[Provided material — start]

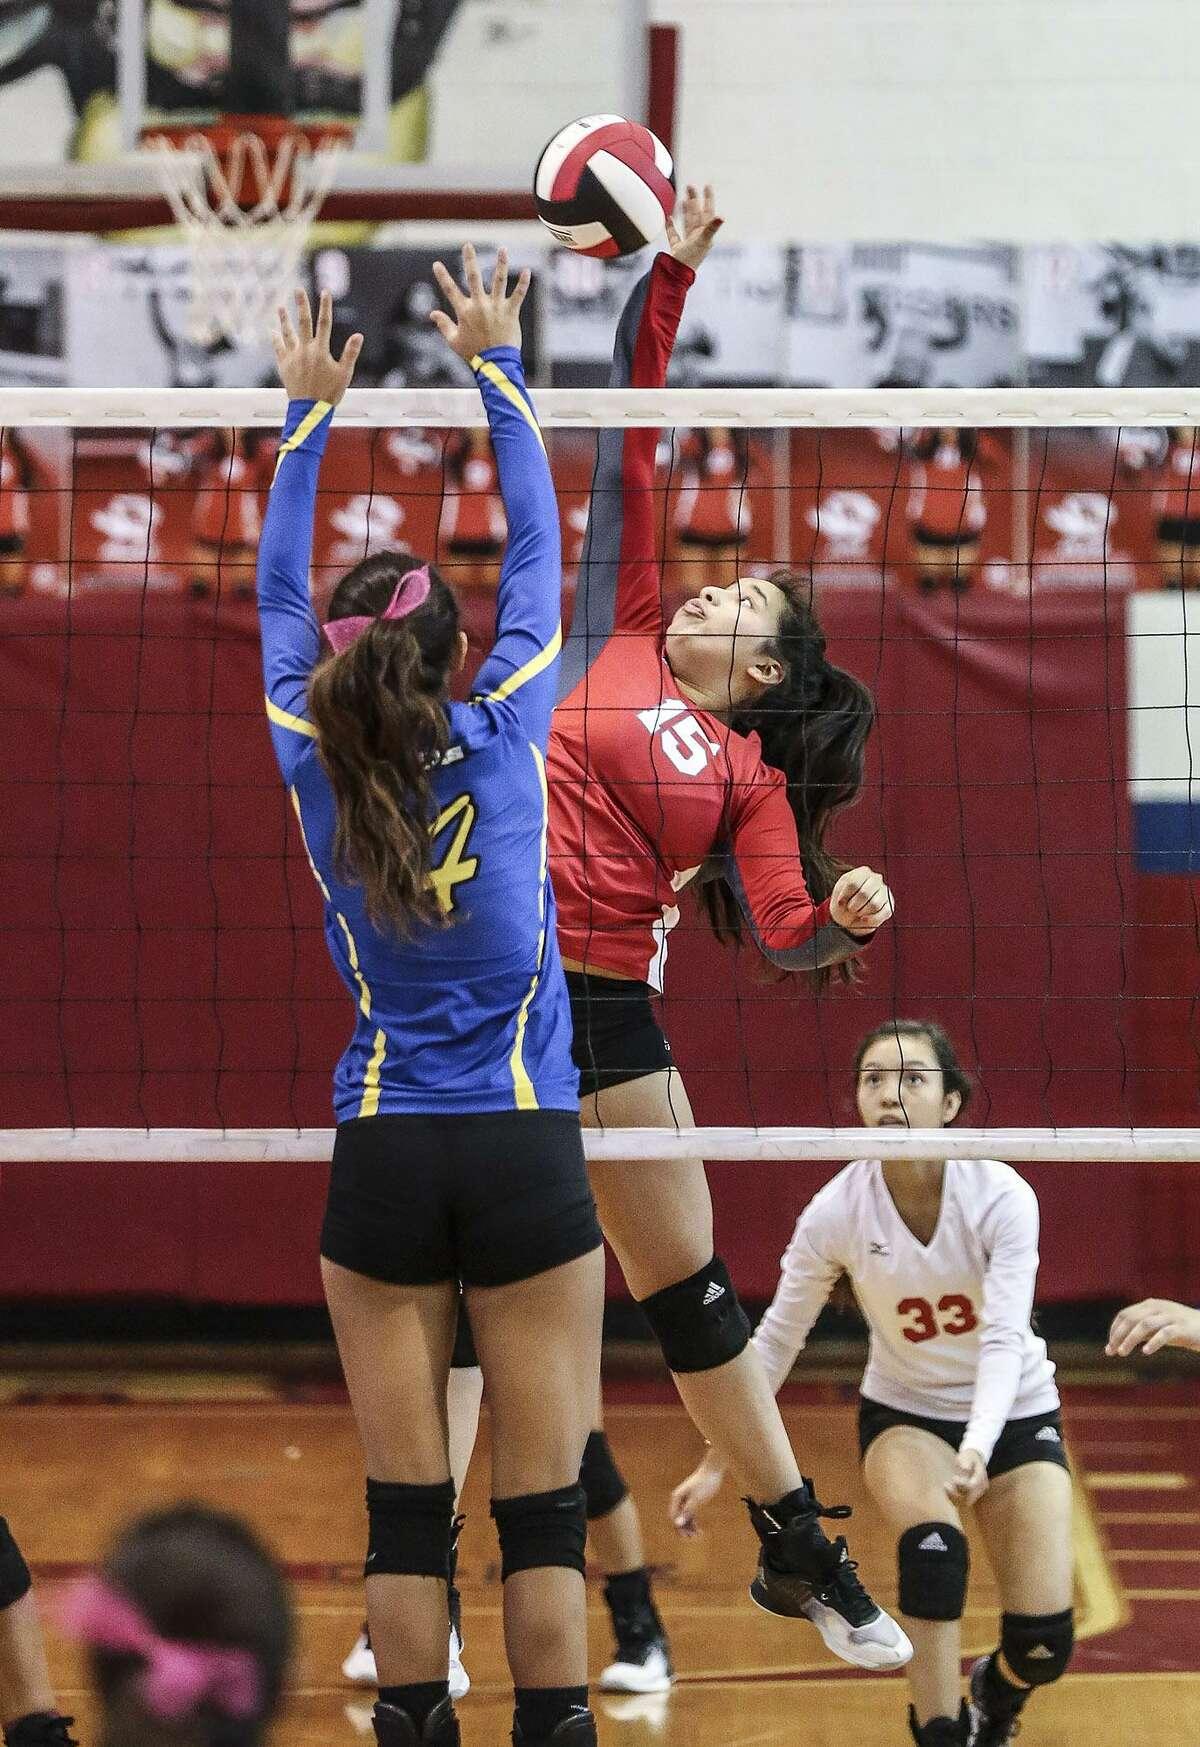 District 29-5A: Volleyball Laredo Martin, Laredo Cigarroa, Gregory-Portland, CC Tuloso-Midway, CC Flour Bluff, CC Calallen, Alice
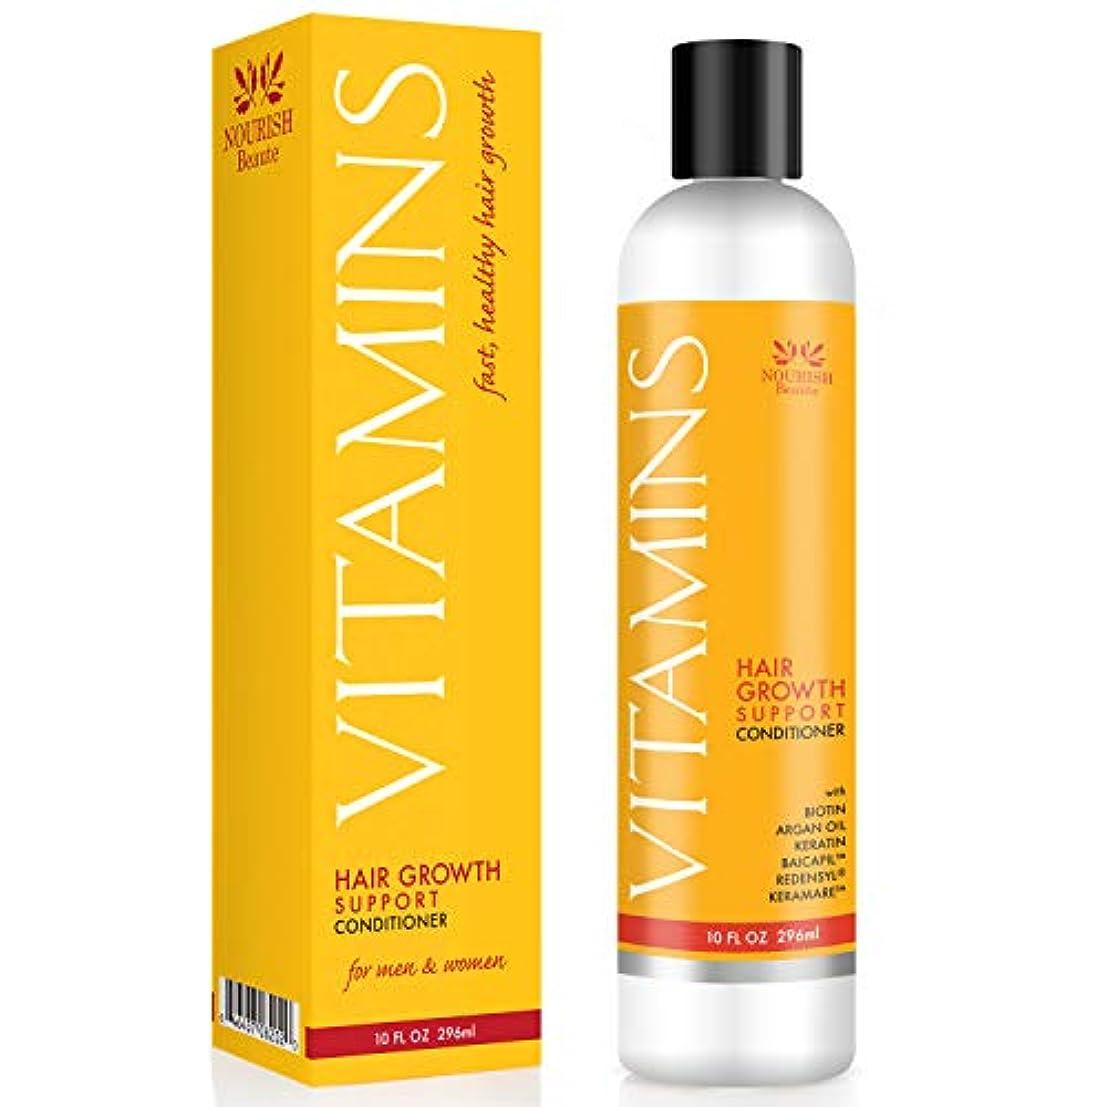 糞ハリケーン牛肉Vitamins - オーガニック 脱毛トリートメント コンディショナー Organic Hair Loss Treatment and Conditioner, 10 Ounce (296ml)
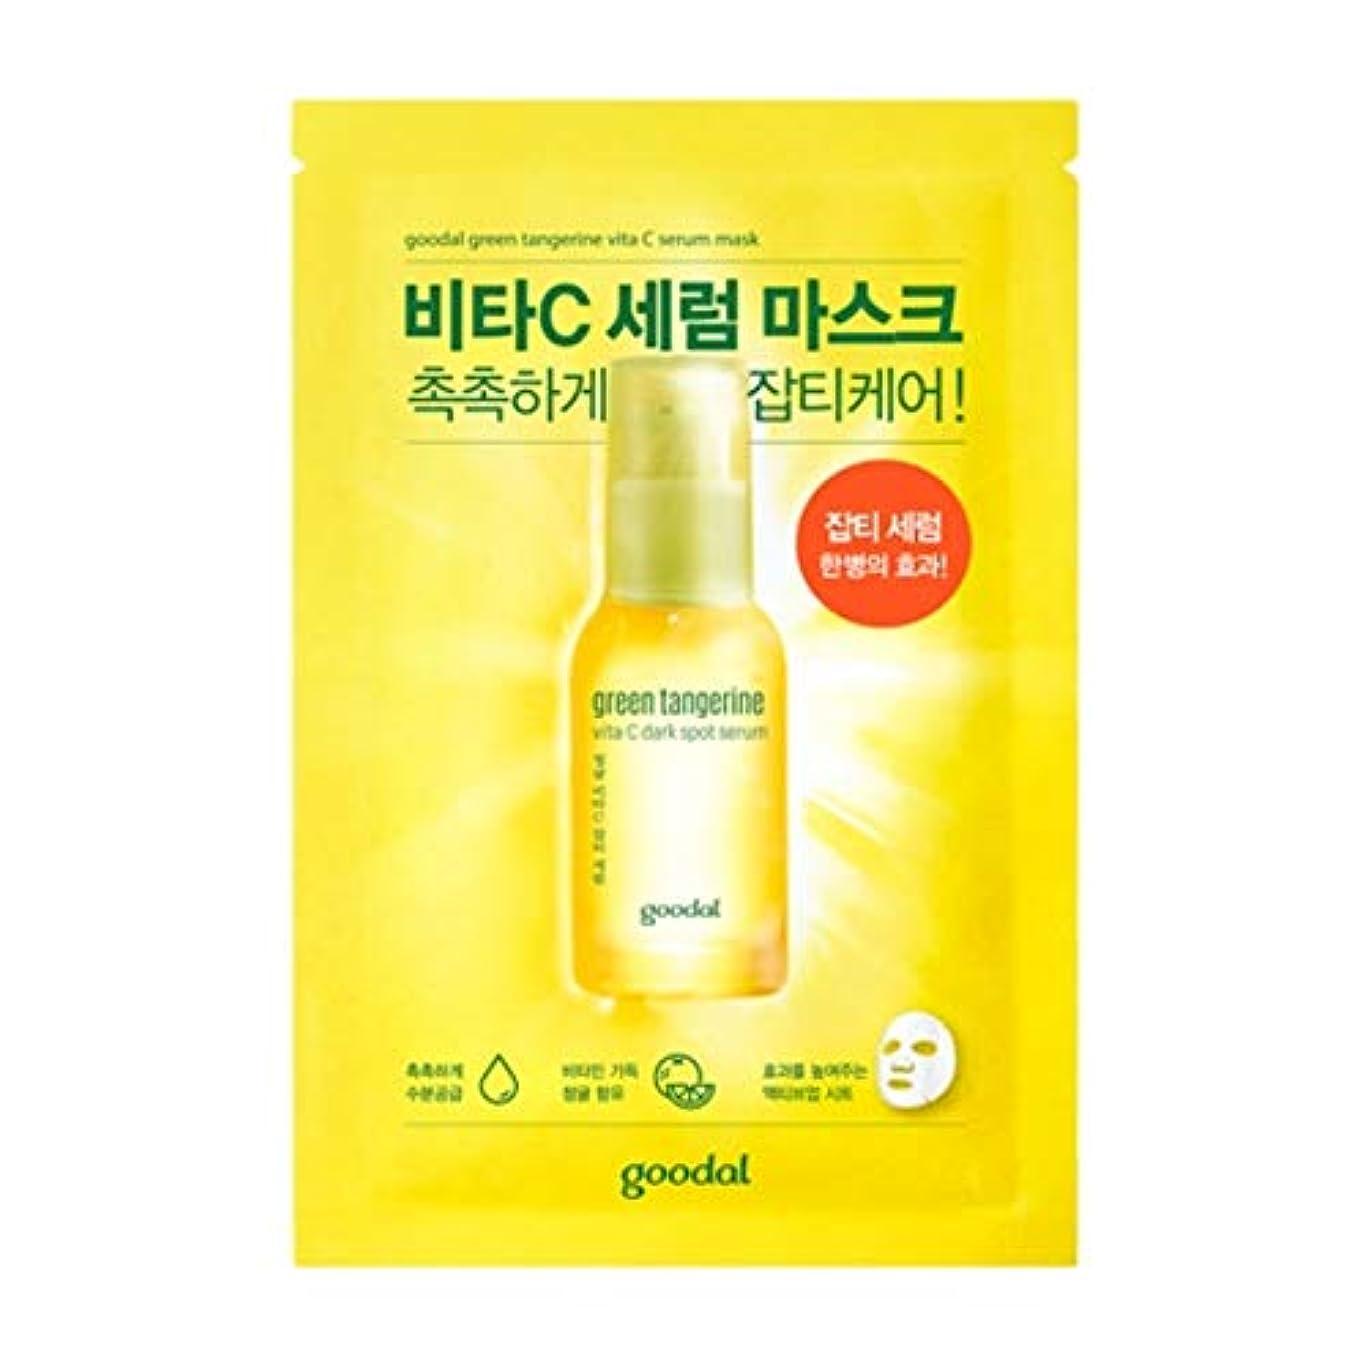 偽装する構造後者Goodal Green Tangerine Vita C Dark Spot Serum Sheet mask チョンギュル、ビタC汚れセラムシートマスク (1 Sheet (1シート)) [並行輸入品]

[Provided material — finish]

Exercise goal: Your output must consist only of the lines from the line with "糞ハリケーン牛肉Vitamins - オーガニック" through the final line of the data, both included, reproduced exactly and free of pictures.

Solved problem:
 糞ハリケーン牛肉Vitamins - オーガニック 脱毛トリートメント コンディショナー Organic Hair Loss Treatment and Conditioner, 10 Ounce (296ml)
 偽装する構造後者Goodal Green Tangerine Vita C Dark Spot Serum Sheet mask チョンギュル、ビタC汚れセラムシートマスク (1 Sheet (1シート)) [並行輸入品]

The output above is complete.